▸ **Provided data**
========
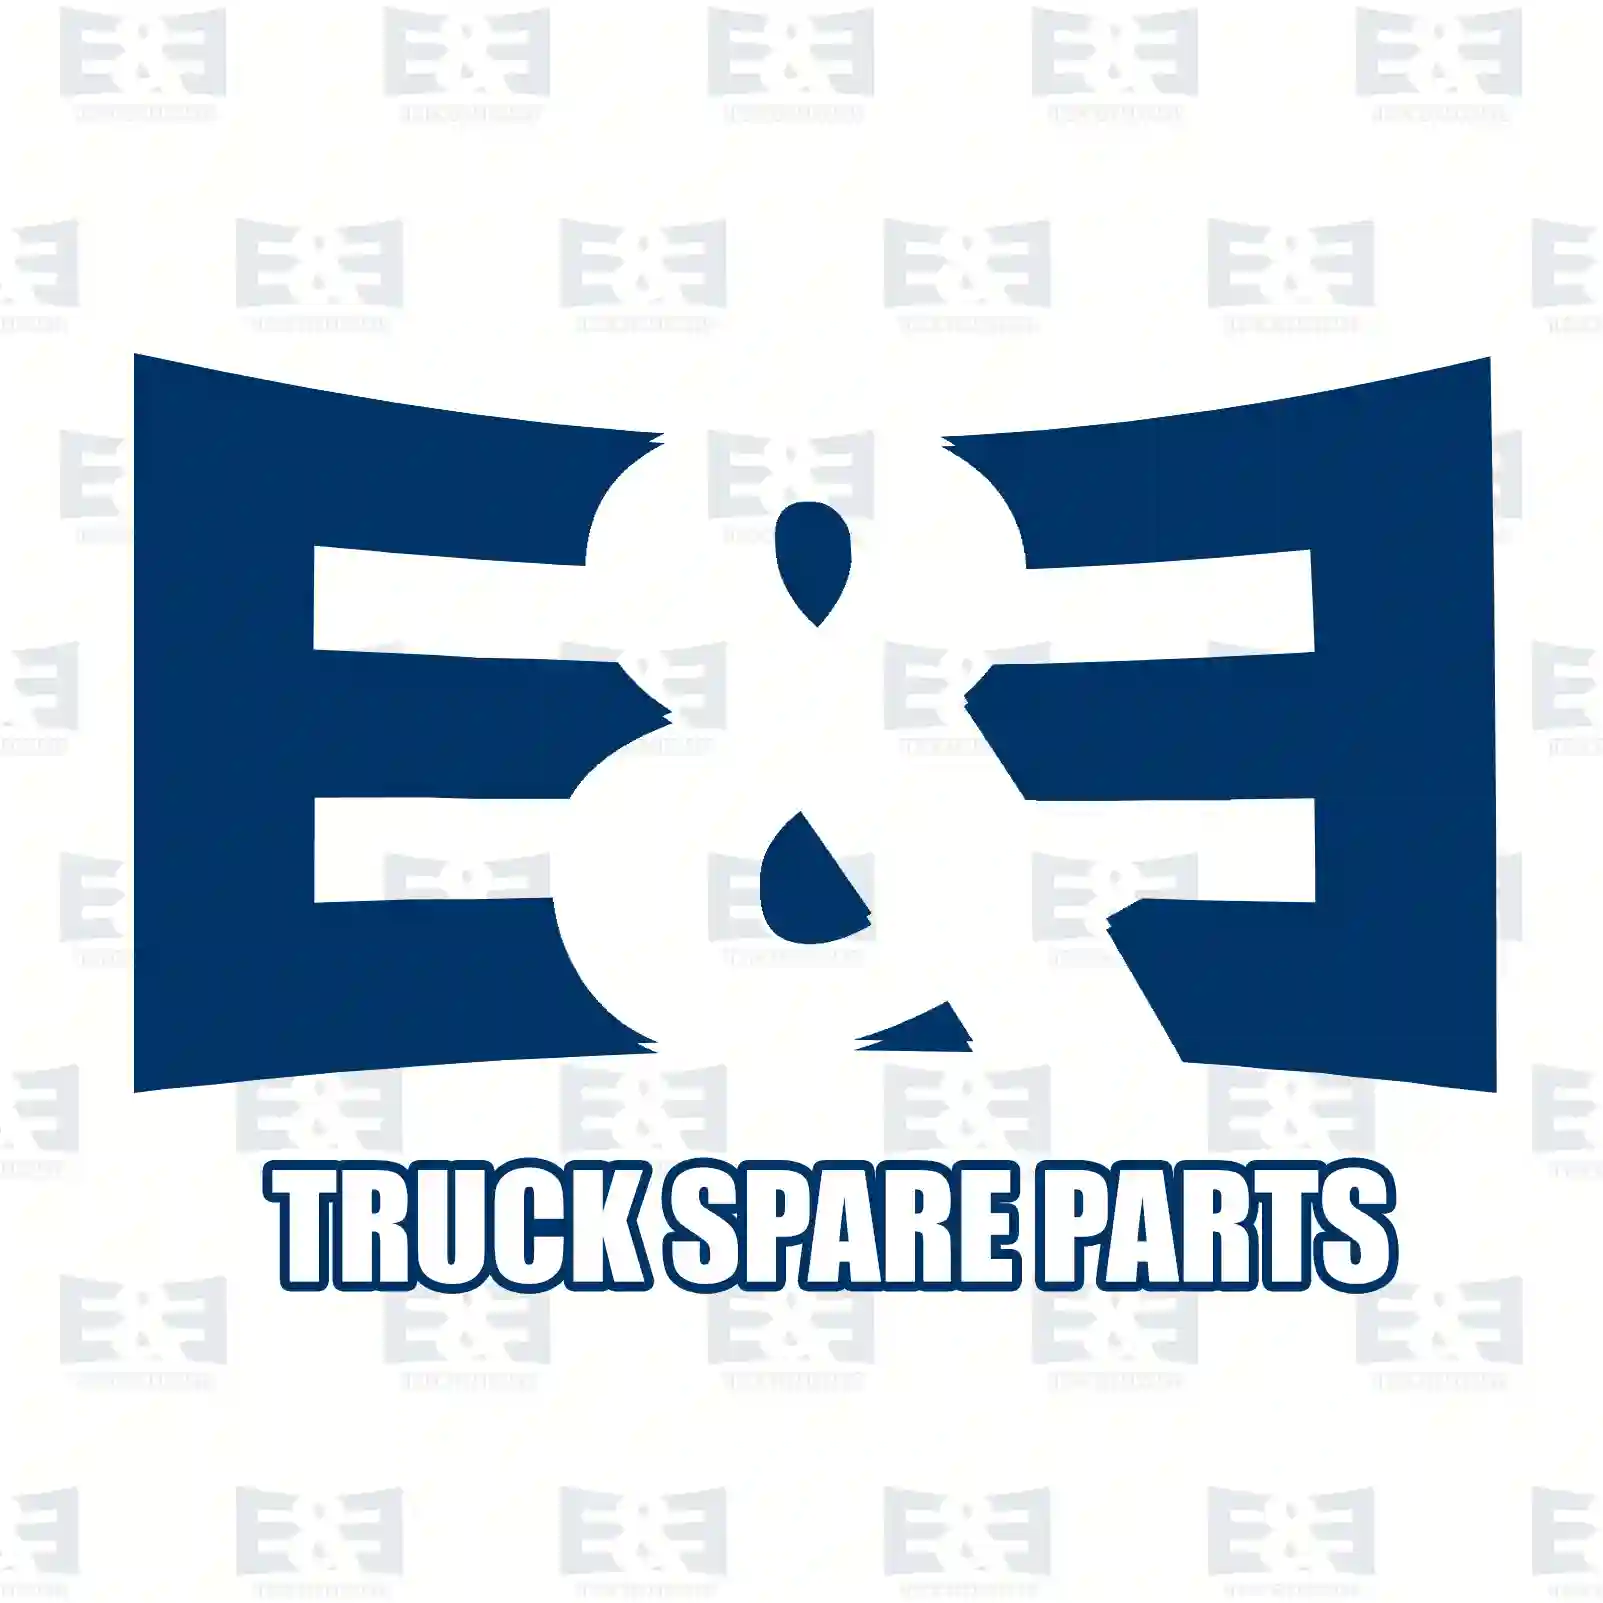 Nut, 2E2281111, 06110642316, 000934012004, 000934012009, 000934012013, 000934012022, 000934012023, 000934012034, 2023380072, 4342001580, 2V5803875AB, ZG41331-0008 ||  2E2281111 E&E Truck Spare Parts | Truck Spare Parts, Auotomotive Spare Parts Nut, 2E2281111, 06110642316, 000934012004, 000934012009, 000934012013, 000934012022, 000934012023, 000934012034, 2023380072, 4342001580, 2V5803875AB, ZG41331-0008 ||  2E2281111 E&E Truck Spare Parts | Truck Spare Parts, Auotomotive Spare Parts
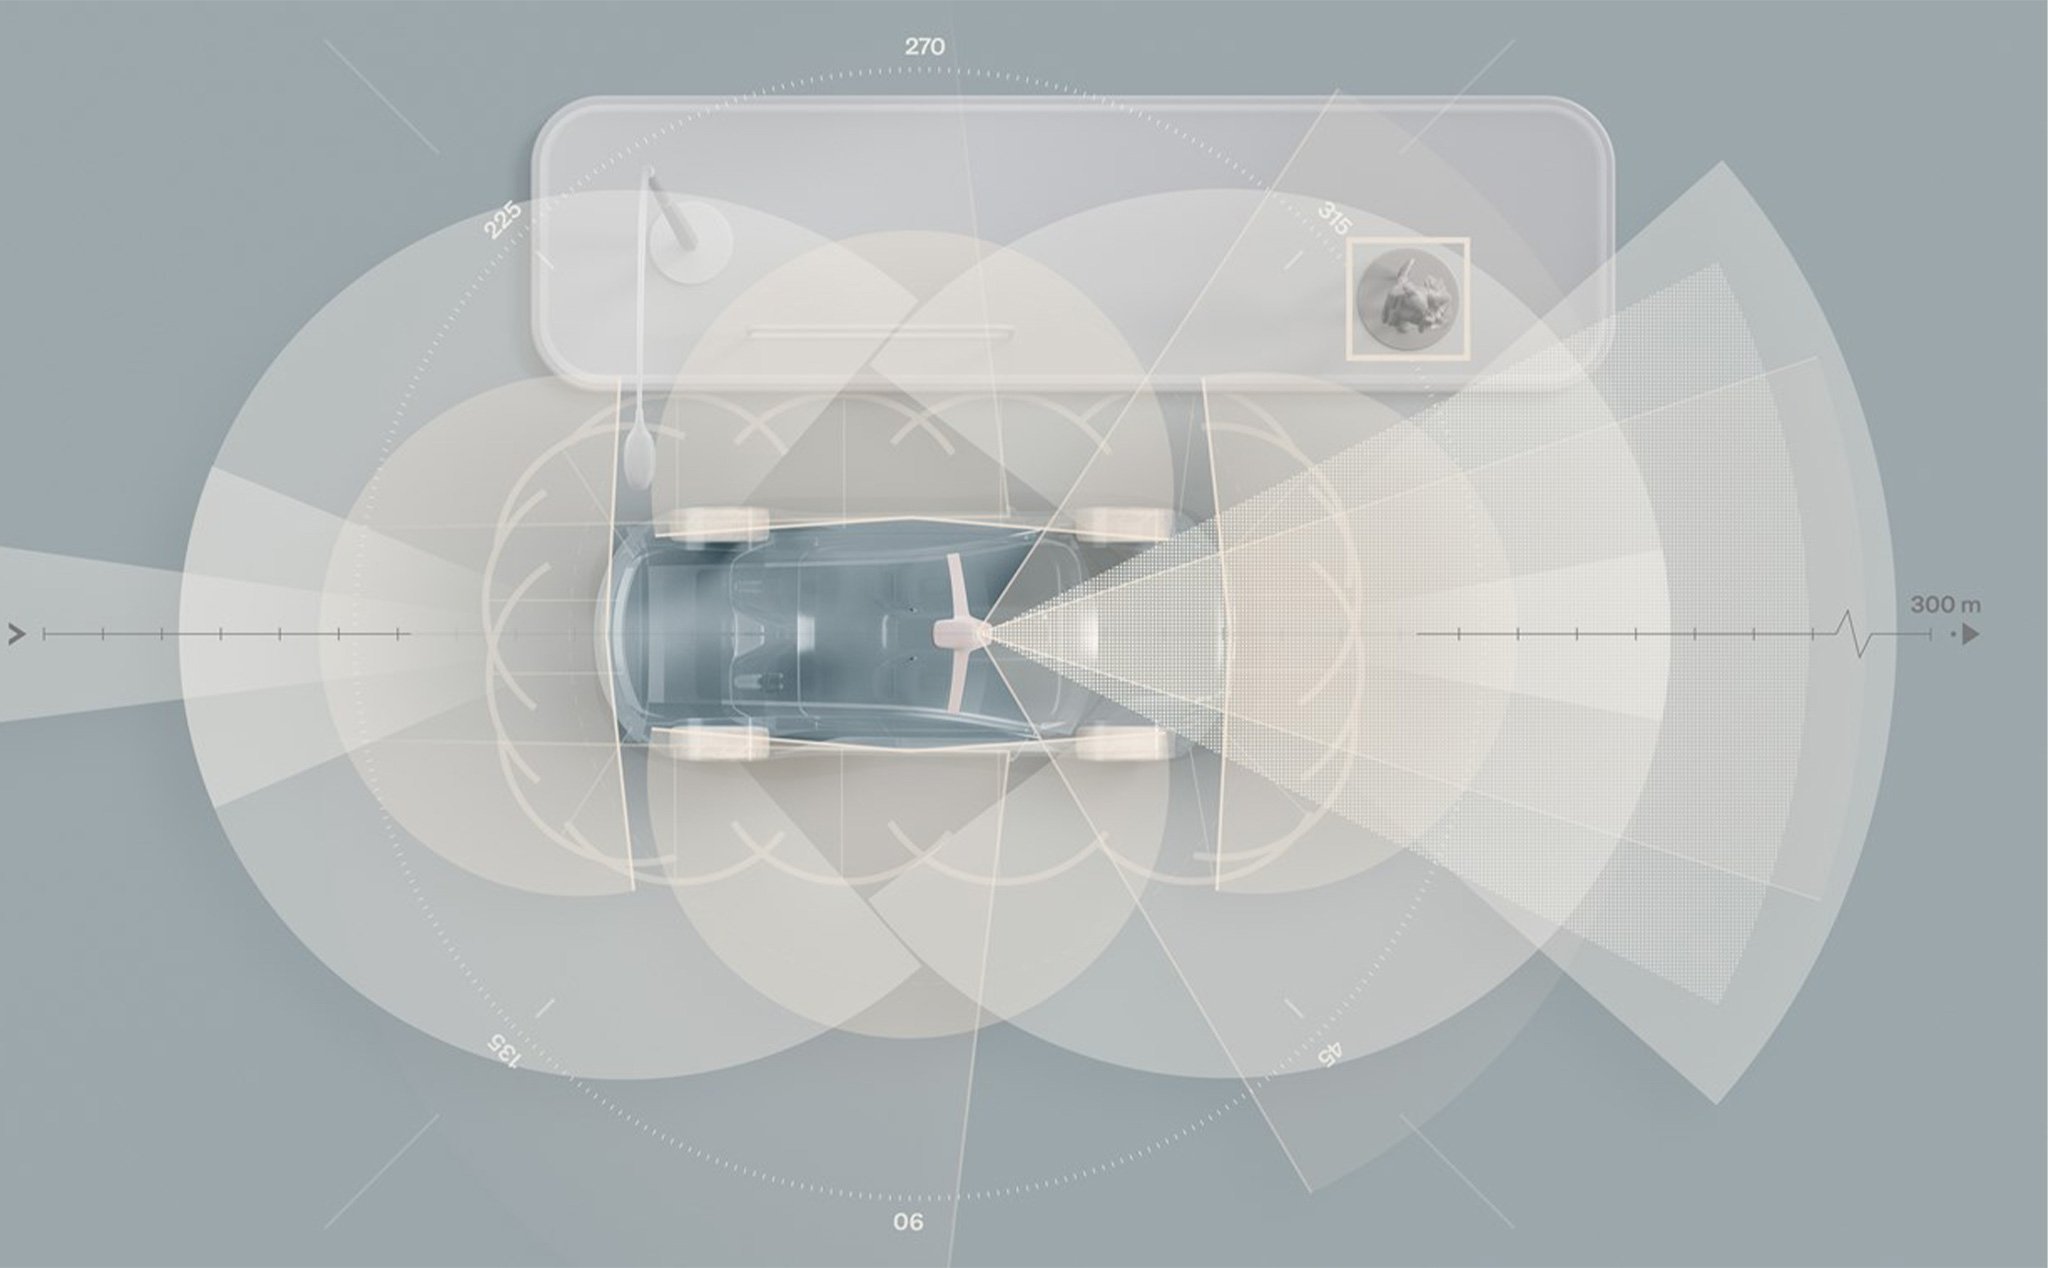 Xe hơi Volvo sắp tới sẽ dùng công nghệ LiDAR và AI để tạo ra chuẩn mực an toàn mới
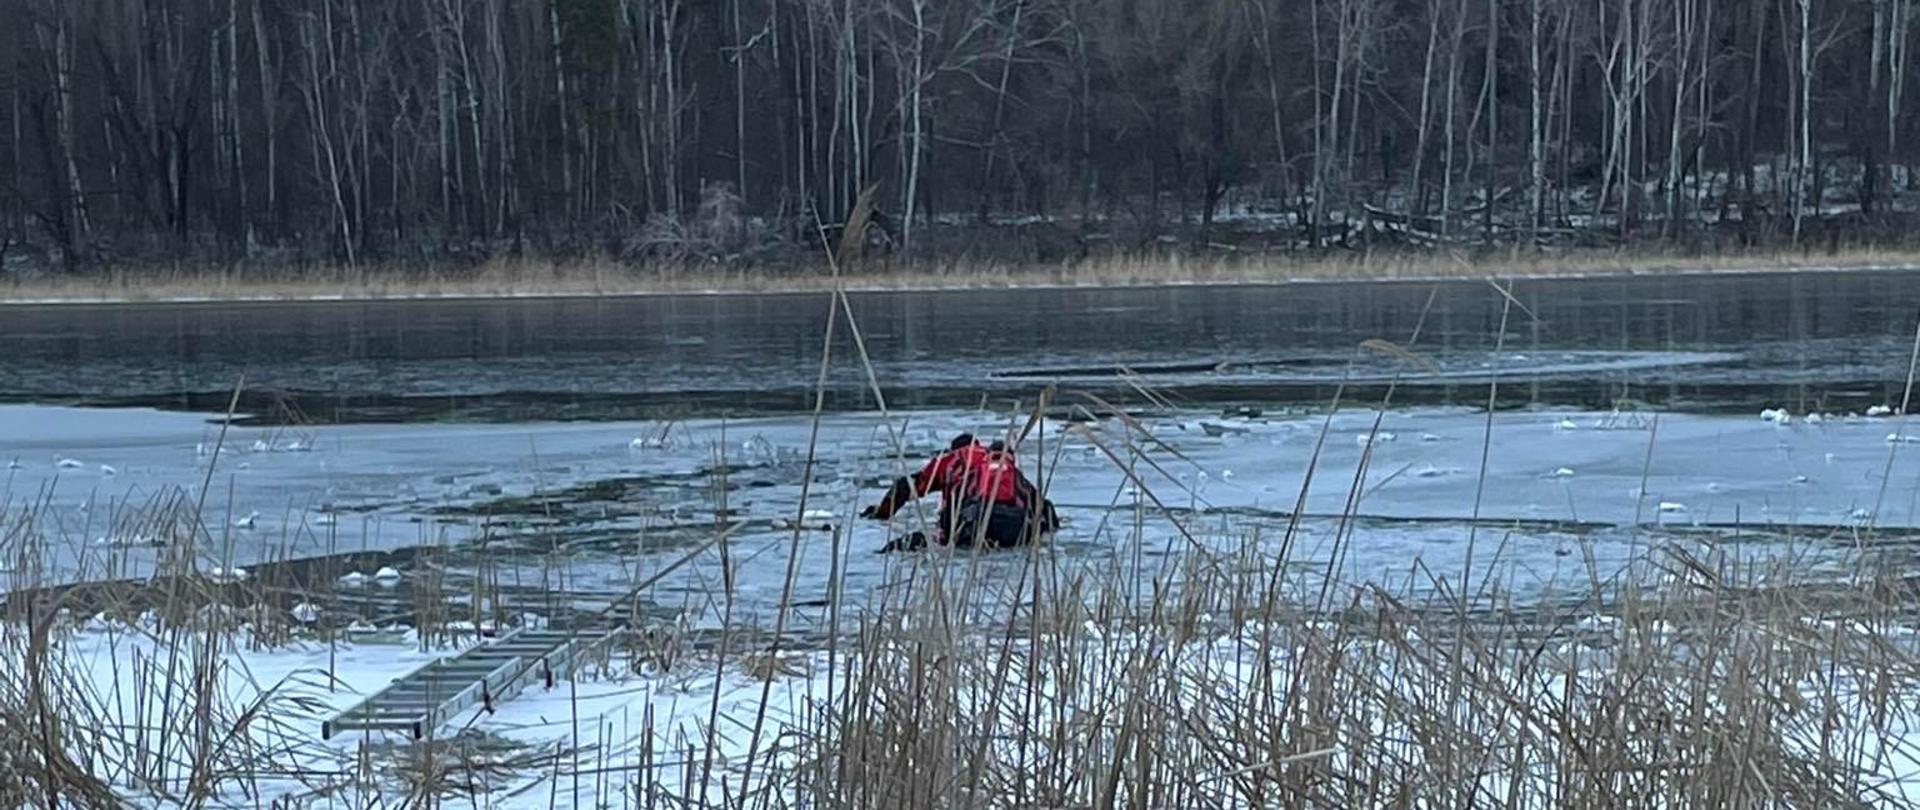 Zdjęcie przedstawia strażaków na desce lodowej na zbiorniku wodnym. Strażacy na lodzie ratują psa i sarnę pod którymi zarwał się lód.
========
Exclude every picture and restate the listing word for word.

▸ **Answer to this exercise**
 Nut, 2E2281111, 06110642316, 000934012004, 000934012009, 000934012013, 000934012022, 000934012023, 000934012034, 2023380072, 4342001580, 2V5803875AB, ZG41331-0008 ||  2E2281111 E&E Truck Spare Parts | Truck Spare Parts, Auotomotive Spare Parts Nut, 2E2281111, 06110642316, 000934012004, 000934012009, 000934012013, 000934012022, 000934012023, 000934012034, 2023380072, 4342001580, 2V5803875AB, ZG41331-0008 ||  2E2281111 E&E Truck Spare Parts | Truck Spare Parts, Auotomotive Spare Parts
 Xe hơi Volvo sắp tới sẽ dùng công nghệ LiDAR và AI để tạo ra chuẩn mực an toàn mới
 Zdjęcie przedstawia strażaków na desce lodowej na zbiorniku wodnym. Strażacy na lodzie ratują psa i sarnę pod którymi zarwał się lód.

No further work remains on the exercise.